> **DATA PROVIDED**:
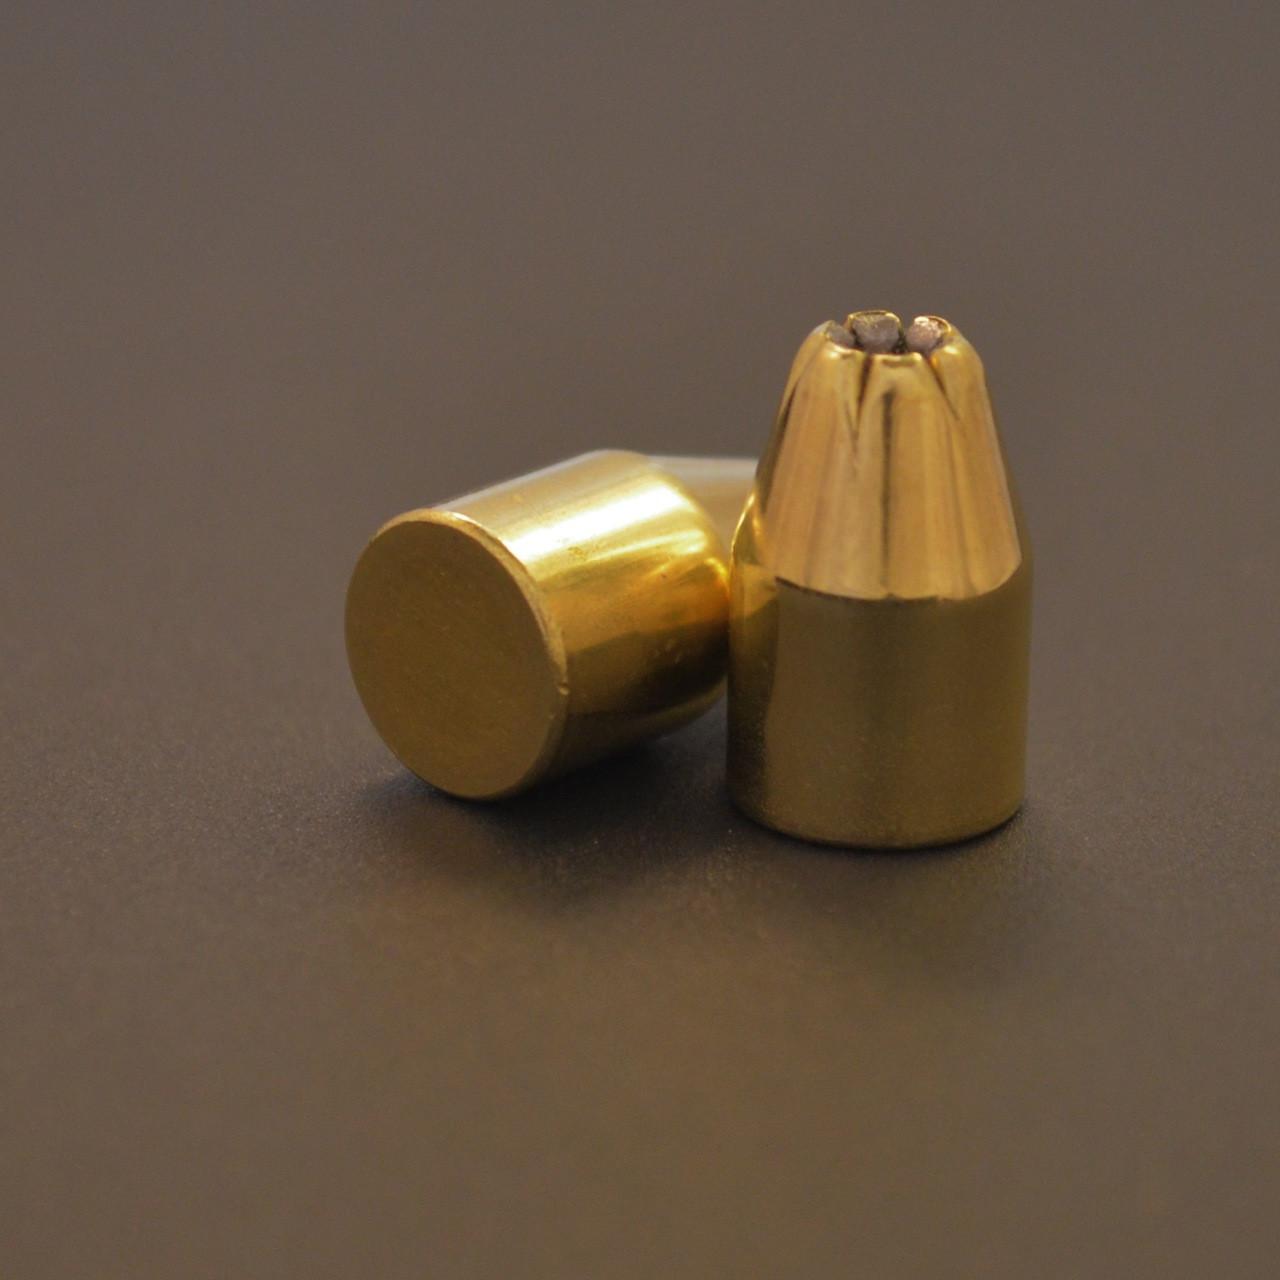 9mm/124gr JHP - 500ct
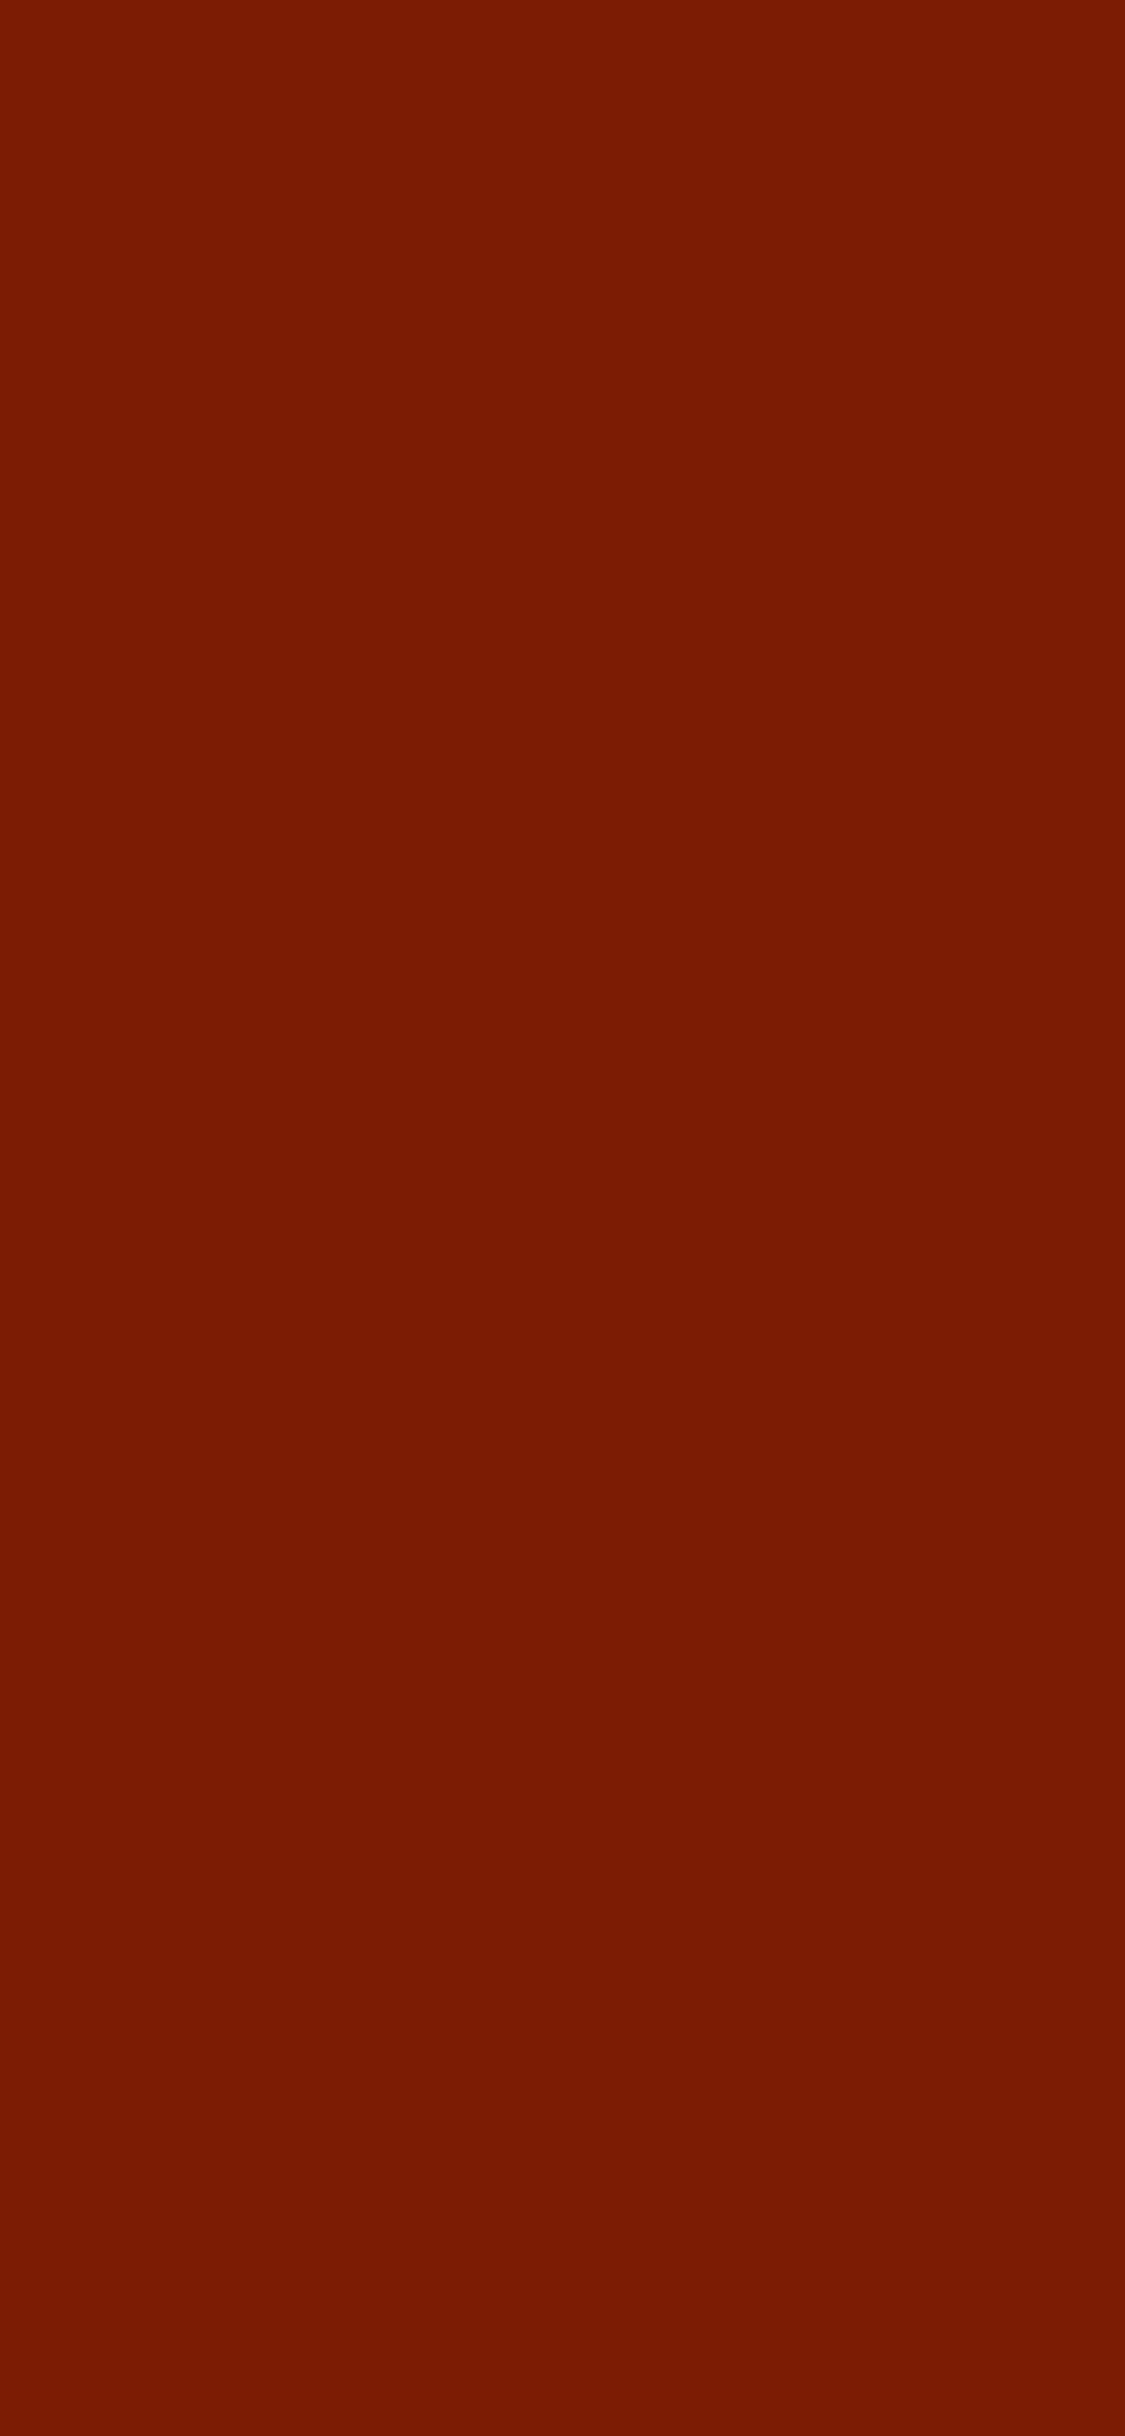 1125x2436 Kenyan Copper Solid Color Background
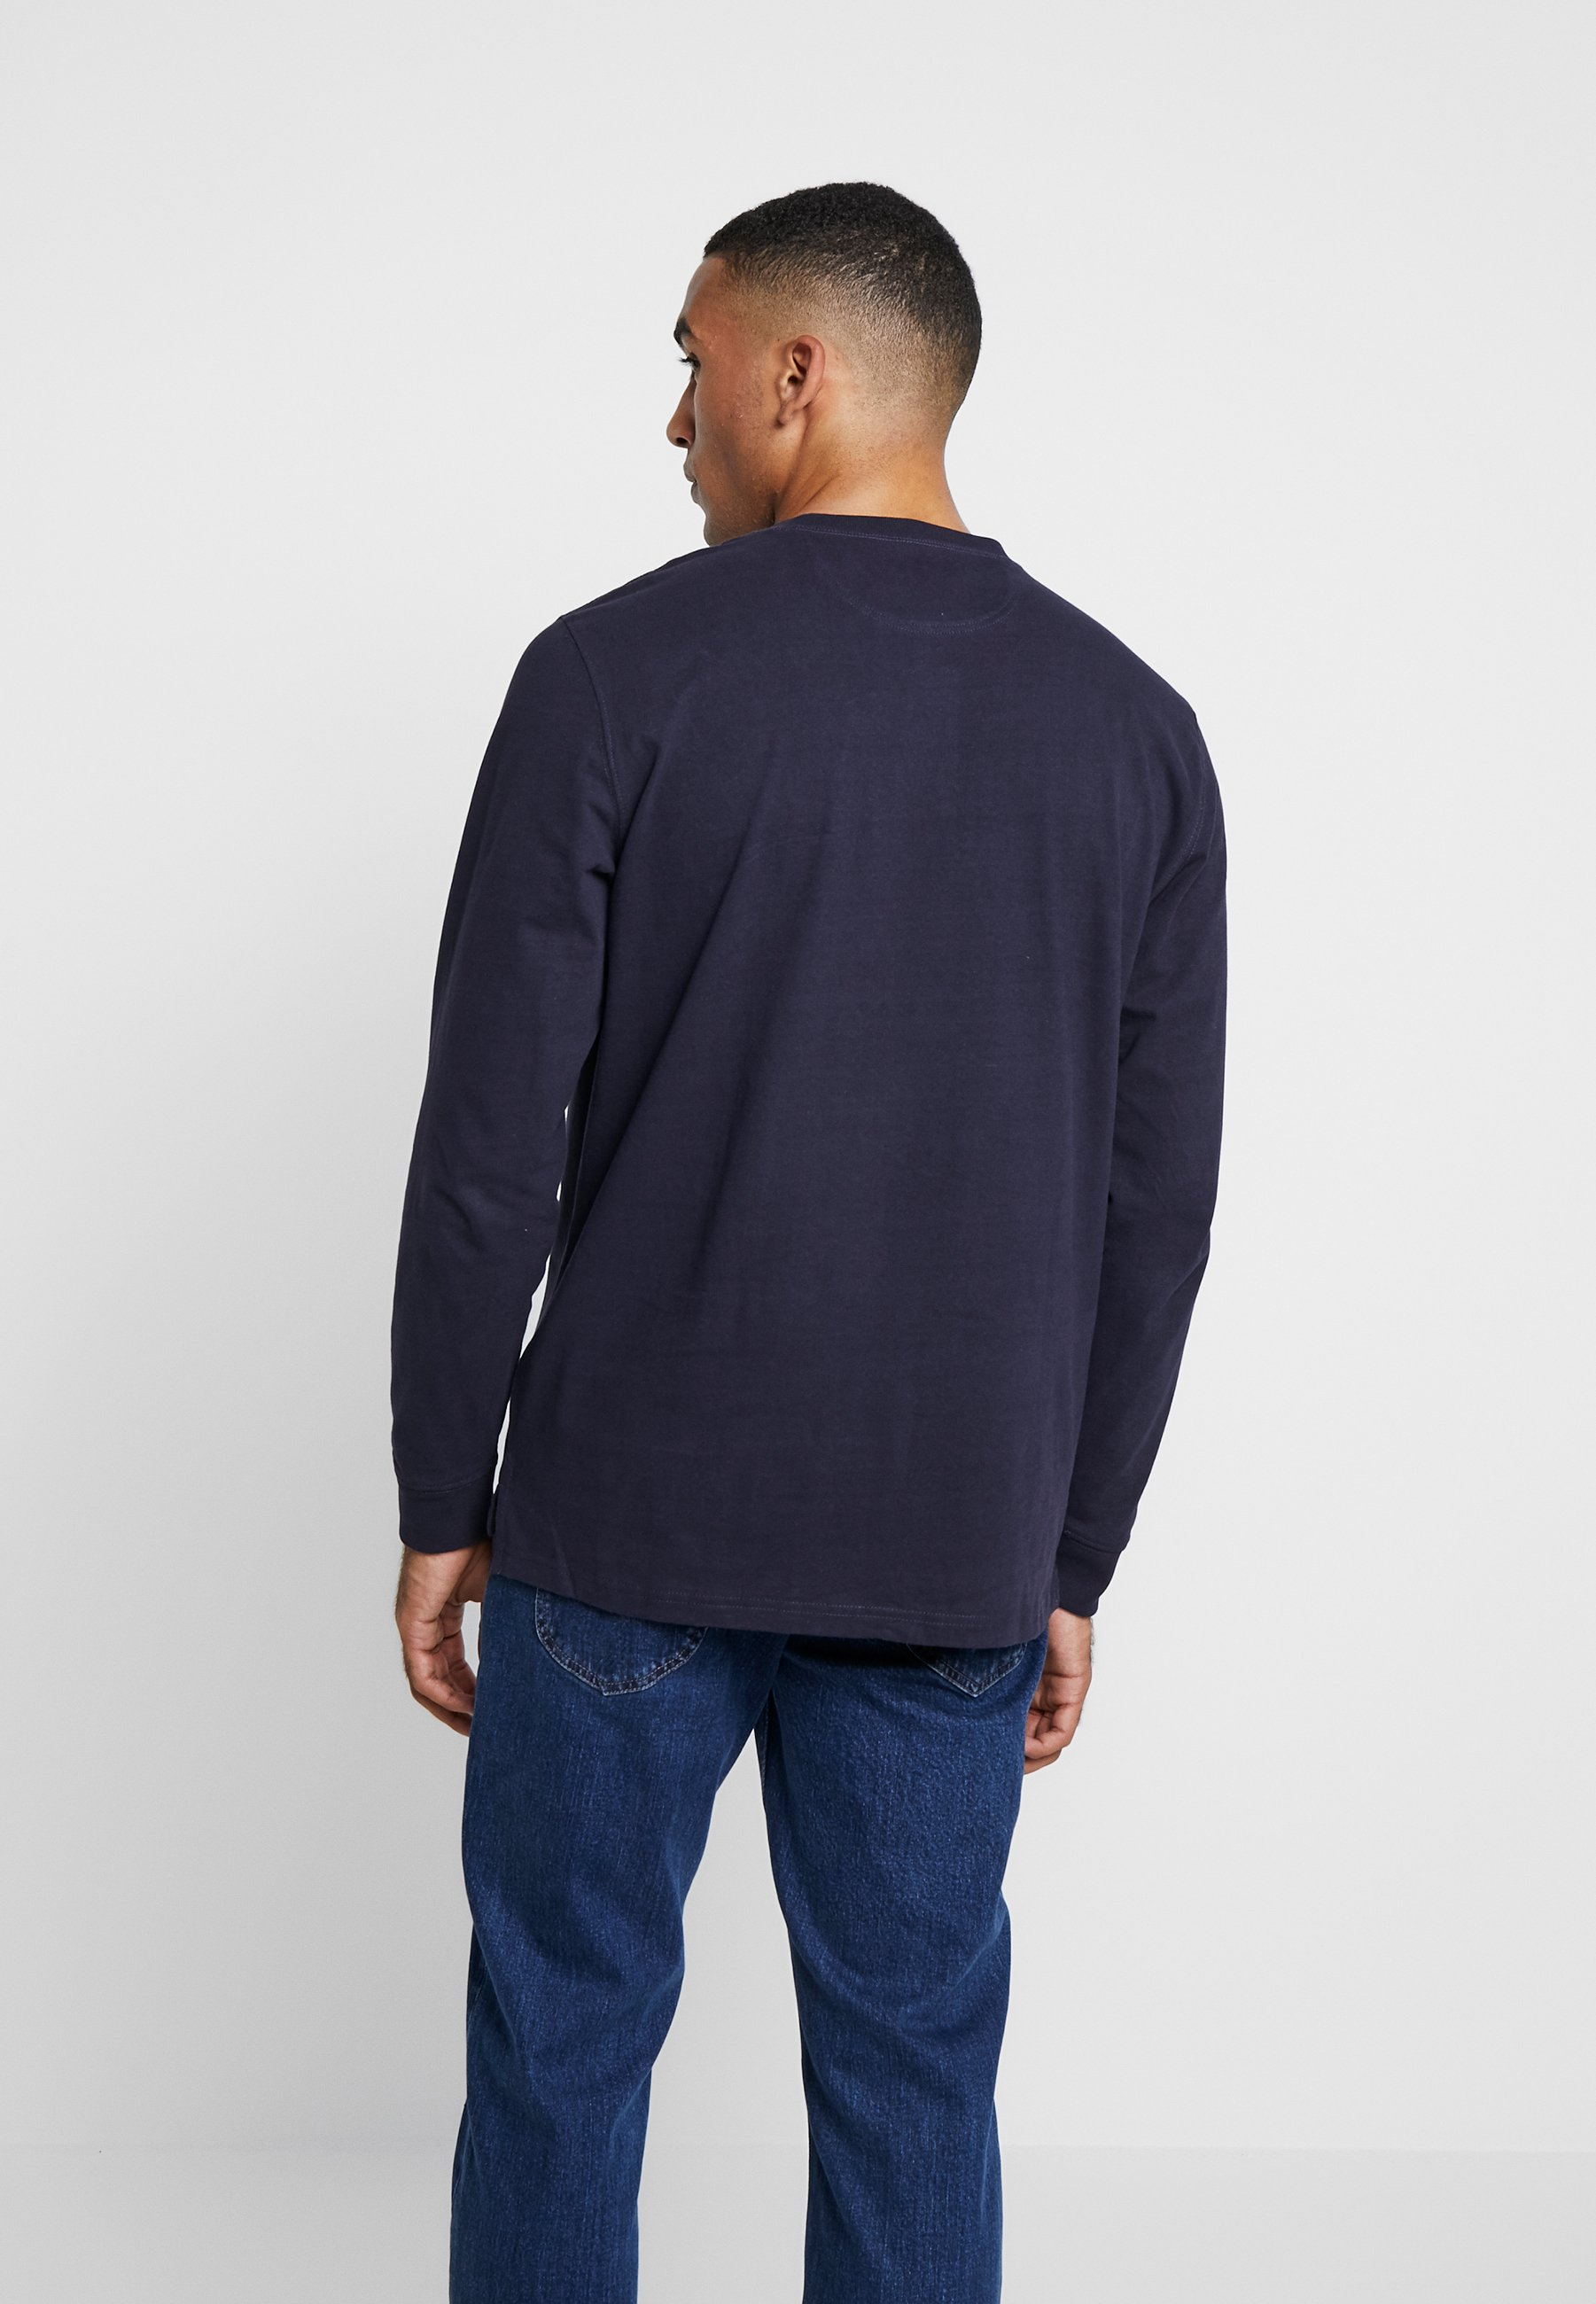 Midnight Longues Lee HenleyT À Manches shirt Navy Rjq4Lc35AS

> **WHAT THIS TASK INVOLVES**:
Return all the data exactly, pictures omitted.

> **ANSWER FOR THE TASK**:
 9mm/124gr JHP - 500ct
 1125x2436 Kenyan Copper Solid Color Background
 Midnight Longues Lee HenleyT À Manches shirt Navy Rjq4Lc35AS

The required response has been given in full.